Project #6: Occupancy Tuning for Naive Matrix Multiply

Full Code

cpp
/**** Project6_OccupancyMatMul.cu ****/
#include <cuda_runtime.h>
#include <stdio.h>

__launch_bounds__(128, 2) // request blockDim.x <=128, want 2 blocks/SM
__global__ void matmulKernel(const float *A, const float *B, float *C, int N){
    int row= blockIdx.y*blockDim.y + threadIdx.y;
    int col= blockIdx.x*blockDim.x + threadIdx.x;
    if(row<N && col<N){
        float sum=0.0f;
        for(int k=0; k<N; k++){
            sum += A[row*N+k]*B[k*N+col];
        }
        C[row*N+col]= sum;
    }
}

int main(){
    int N=512;
    size_t size=N*N*sizeof(float);
    float *h_A=(float*)malloc(size);
    float *h_B=(float*)malloc(size);
    float *h_C=(float*)malloc(size);
    for(int i=0;i<N*N;i++){
        h_A[i]=1.0f;h_B[i]=1.0f;
    }
    float *d_A,*d_B,*d_C;
    cudaMalloc(&d_A,size); cudaMalloc(&d_B,size); cudaMalloc(&d_C,size);
    cudaMemcpy(d_A,h_A,size,cudaMemcpyHostToDevice);
    cudaMemcpy(d_B,h_B,size,cudaMemcpyHostToDevice);

    dim3 block(16,16);
    dim3 grid((N+block.x-1)/block.x,(N+block.y-1)/block.y);

    matmulKernel<<<grid,block>>>(d_A,d_B,d_C,N);
    cudaDeviceSynchronize();

    cudaMemcpy(h_C,d_C,size,cudaMemcpyDeviceToHost);
    printf("C[0]=%f, C[N*N-1]=%f\n",h_C[0], h_C[N*N-1]);

    free(h_A);free(h_B);free(h_C);
    cudaFree(d_A); cudaFree(d_B);cudaFree(d_C);
    return 0;
}

Diagram

mermaid
flowchart TD
    A[__launch_bounds__(128,2)] --> B[Naive matmul kernel => Possibly improved occupancy]
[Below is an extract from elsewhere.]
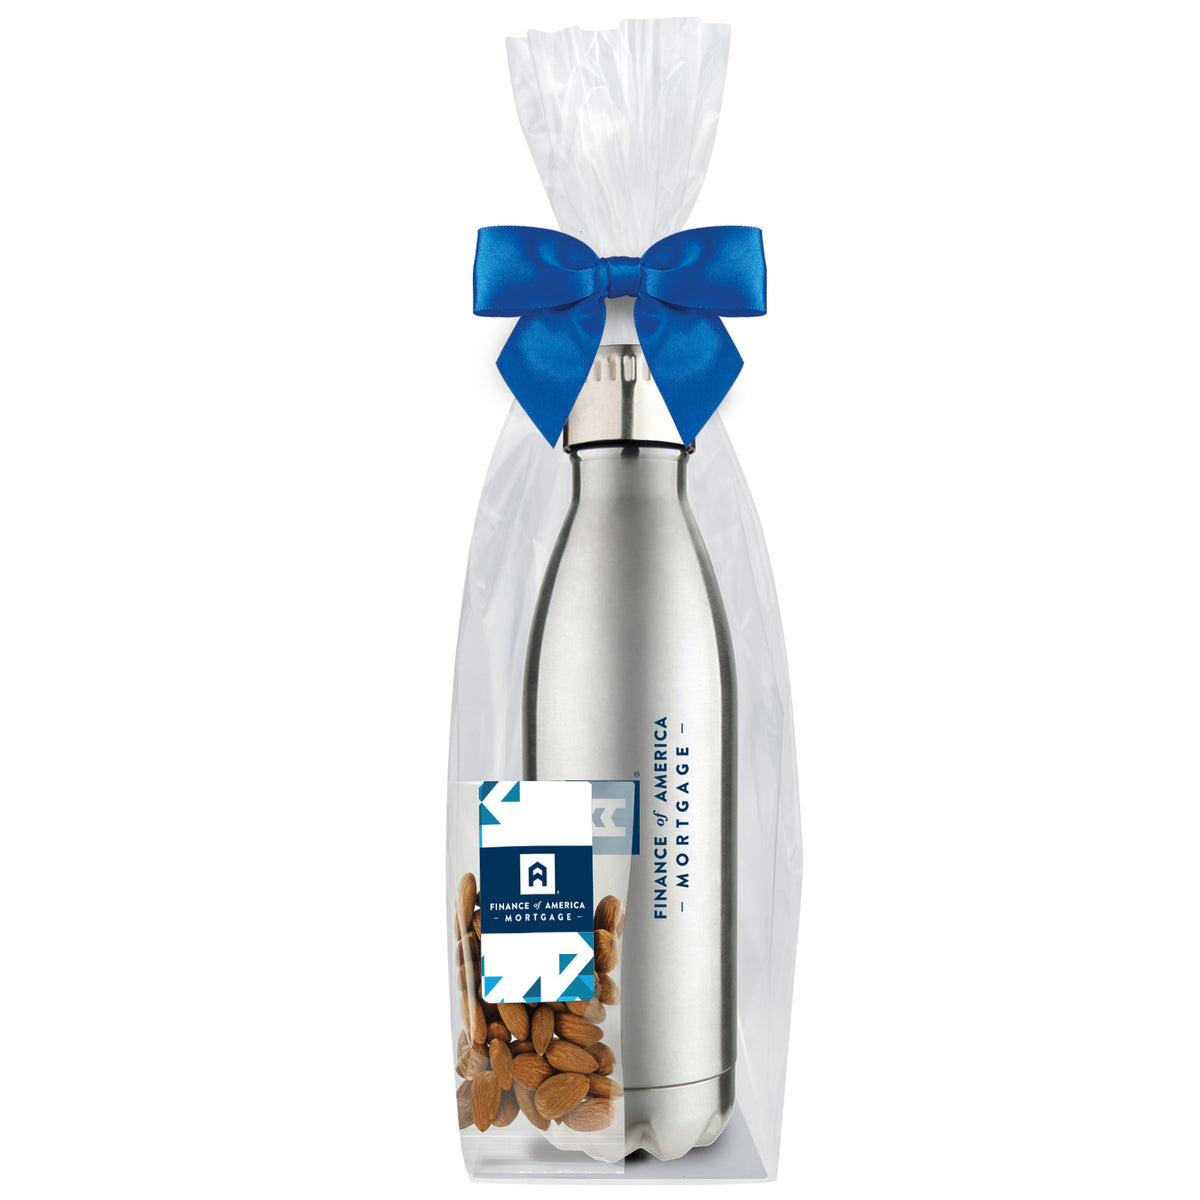 Water Bottle - 17 oz., Raw Almonds (2 oz. bag)

Project #7: Single-Stream BFS with Coalesced Data Access (Skeleton)

Full Code

cpp
/**** Project7_BFS_coalesced.cu ****/
#include <cuda_runtime.h>
#include <stdio.h>

__global__ void bfsKernel(const int *rowOffsets, const int *columns, int *distances,
                          int *frontier, int frontierSize, int *newFrontier, int *newSize, int level) {
    int idx = blockIdx.x*blockDim.x + threadIdx.x;
    if(idx < frontierSize){
        int node = frontier[idx];
        int rowStart= rowOffsets[node];
        int rowEnd= rowOffsets[node+1];
        for(int edge=rowStart; edge<rowEnd; edge++){
            int neighbor = columns[edge];
            if(distances[neighbor]<0){ // unvisited
                distances[neighbor] = level;
                int pos= atomicAdd(newSize,1);
                newFrontier[pos]= neighbor;
            }
        }
    }
}

int main(){
    // Basic BFS using single stream
    // 1) We'll have rowOffsets, columns for adjacency in coalesced form
    // 2) BFS kernel
    // 3) Repeated kernel calls until frontier is empty
    return 0;
}

Diagram

mermaid
flowchart TD
    A[Single stream BFS: frontier array] --> B[bfsKernel read adjacency in coalesced form]
    B --> C[newFrontier built => next iteration]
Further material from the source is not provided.